St Monica's RC High School was formed when two schools; St Joseph's RC High School, Whitefield and St Peter's RC High School, Prestwich, amalgamated and settled on the former St Peter's site on Bury Old Road. The school opened on 1 September 1987.

During Pope John Paul II's visit to the United Kingdom in 1982 the school (St Peter's RC High School at the time) was used as the base for local authorities and members of the Pope's entourage. The Pope made his appearance in nearby Heaton Park making the school an ideal place to run the operations from.

The school achieved Beacon status in 2001, gained its specialist status as a language college in 2003, and became an applied learning college in 2011, before the closing of its sixth form centre in 2017 due to poor intake.

Previously a voluntary aided school administered by Bury Metropolitan Borough Council, in August 2020 St Monica's High School converted to academy status. The school is now sponsored by the St Teresa Of Calcutta Catholic Academy Trust.

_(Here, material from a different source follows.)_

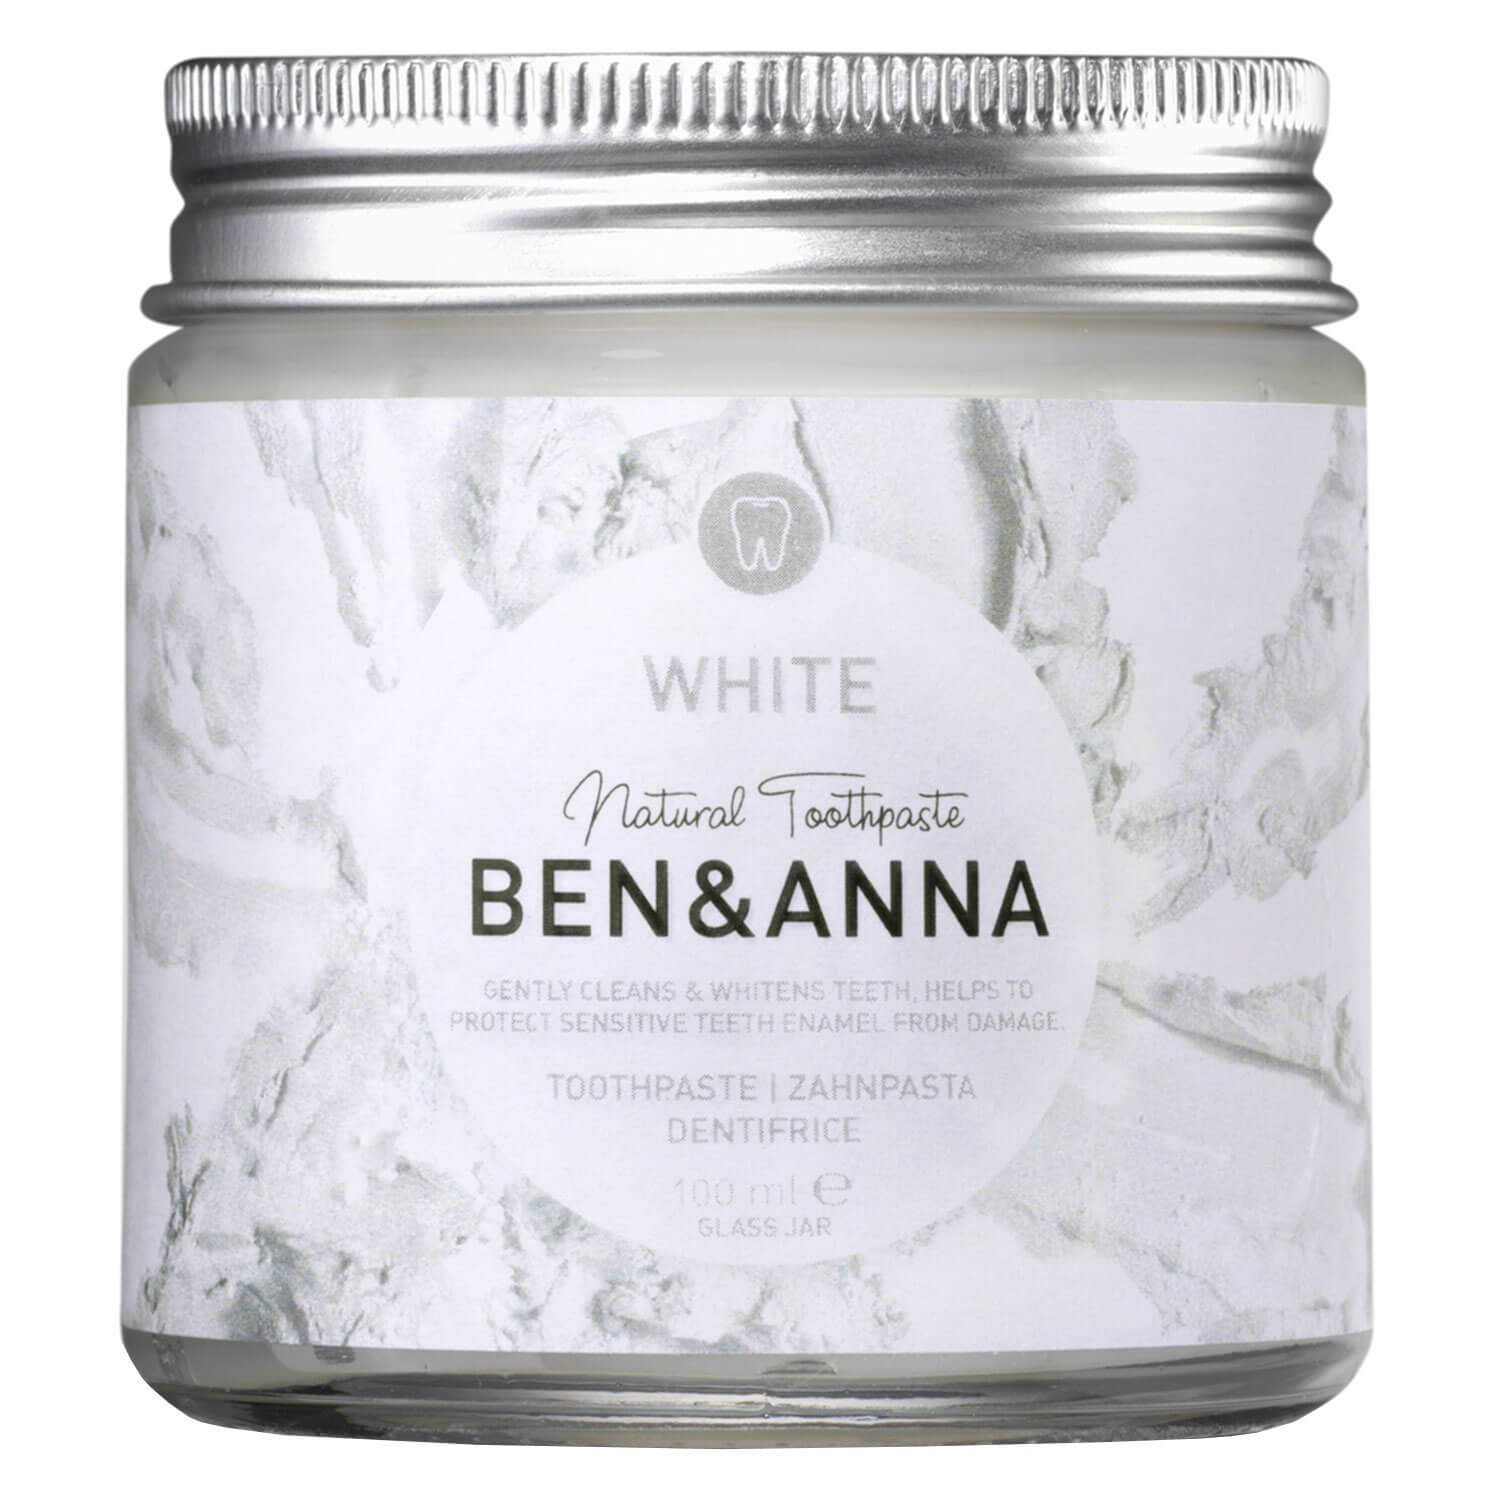 Produktbild von BEN&ANNA - Toothpaste White

In 1998, a pupil was forced to move schools after being bullied with violence and verbal abuse, whilst the student's mother accused the school of failing to deal with the situation properly. Headteacher at the time, Mr. Austin Campbell denied these claims against the school, claiming "the situation was dealt with properly and professionally throughout".

In 1999, along with two other Bury Catholic high schools, St Monica's chose to ban an informational book for young people about sex and contraception. The school was accused of '"burying their heads in the sand"' by local youth workers.

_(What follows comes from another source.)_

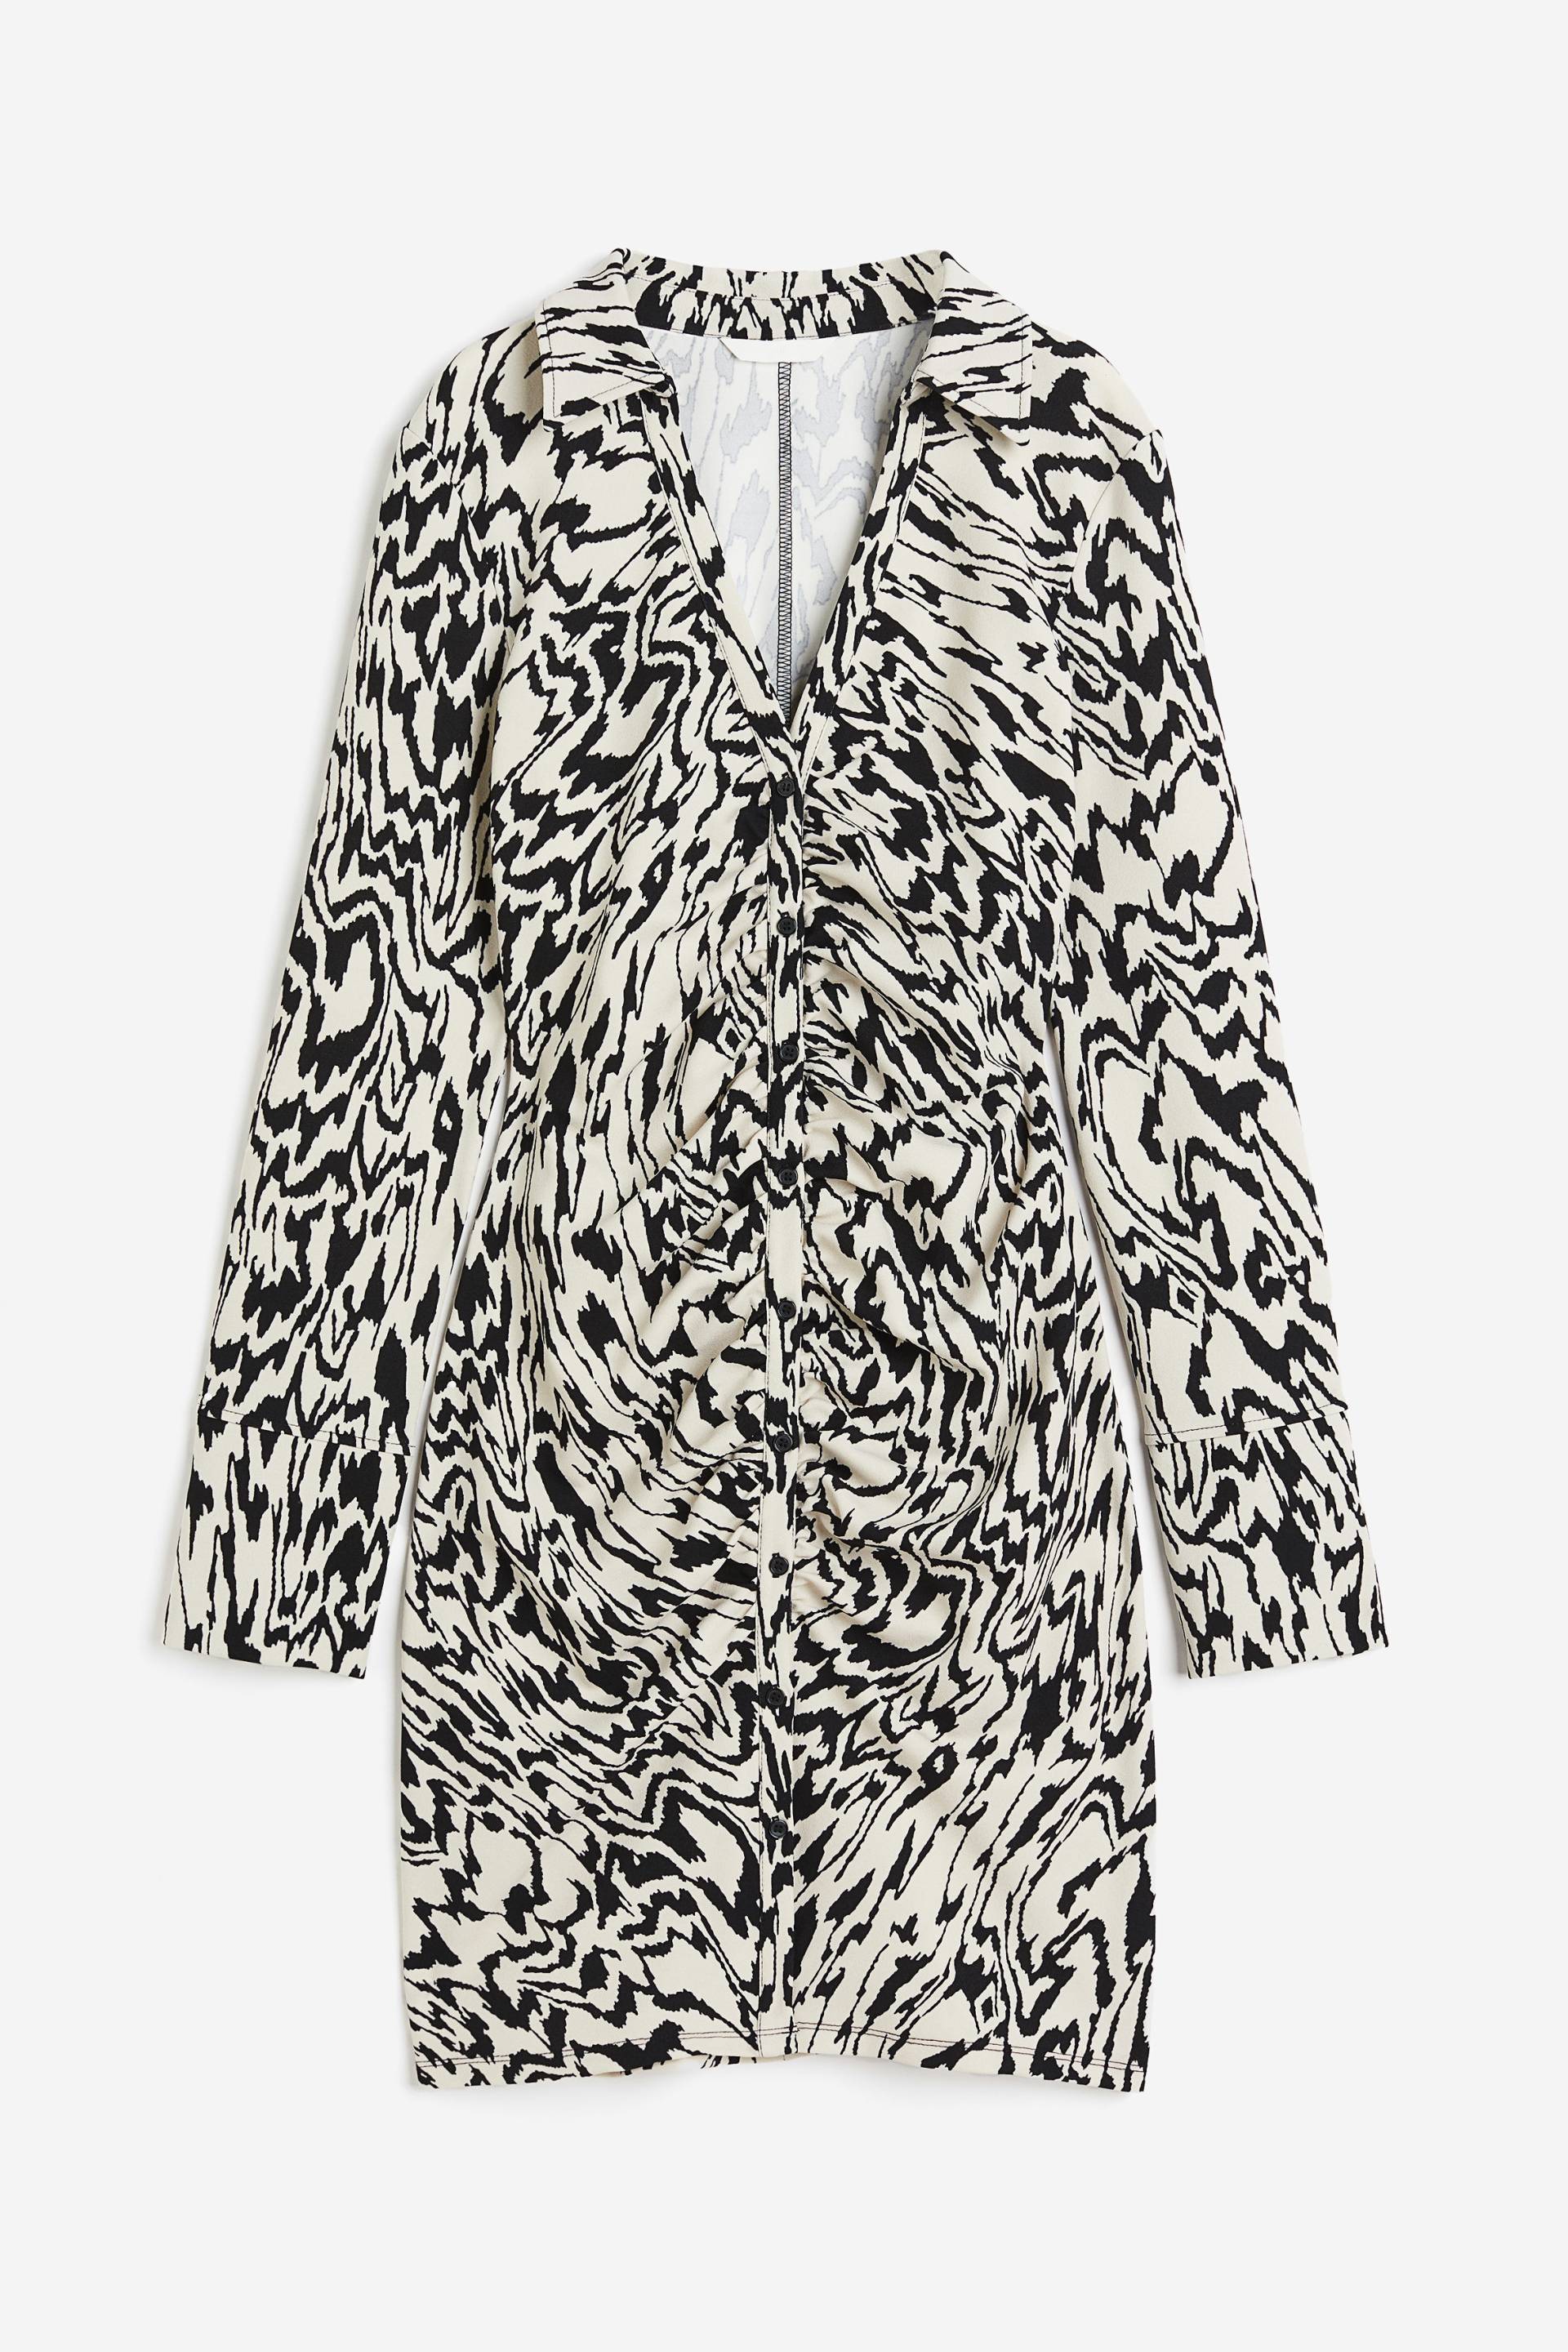 H&M Drapiertes Blusenkleid Cremefarben/Zebramuster, Alltagskleider in Größe S. Farbe: Cream/zebra print von H&M

In 2006, A St Monica's pupil; Carl Neill, was subject to an attack by a gang of up to 40 youths from Prestwich Community High School (now Prestwich Arts College) from which the pupil sustained multiple fractures to the face. The attack took place outside St Monica's and was believed to be an unprovoked assault as a result of a feud between the two schools. Due to the risk of revenge attacks, headteacher Frank McCarron was forced to hold assemblies urging students to refrain from retaliation. Two Prestwich Community High School students were arrested and later found guilty of the attack. The 17- and 15-year-old boys were each sentenced to six months in a young offenders institute.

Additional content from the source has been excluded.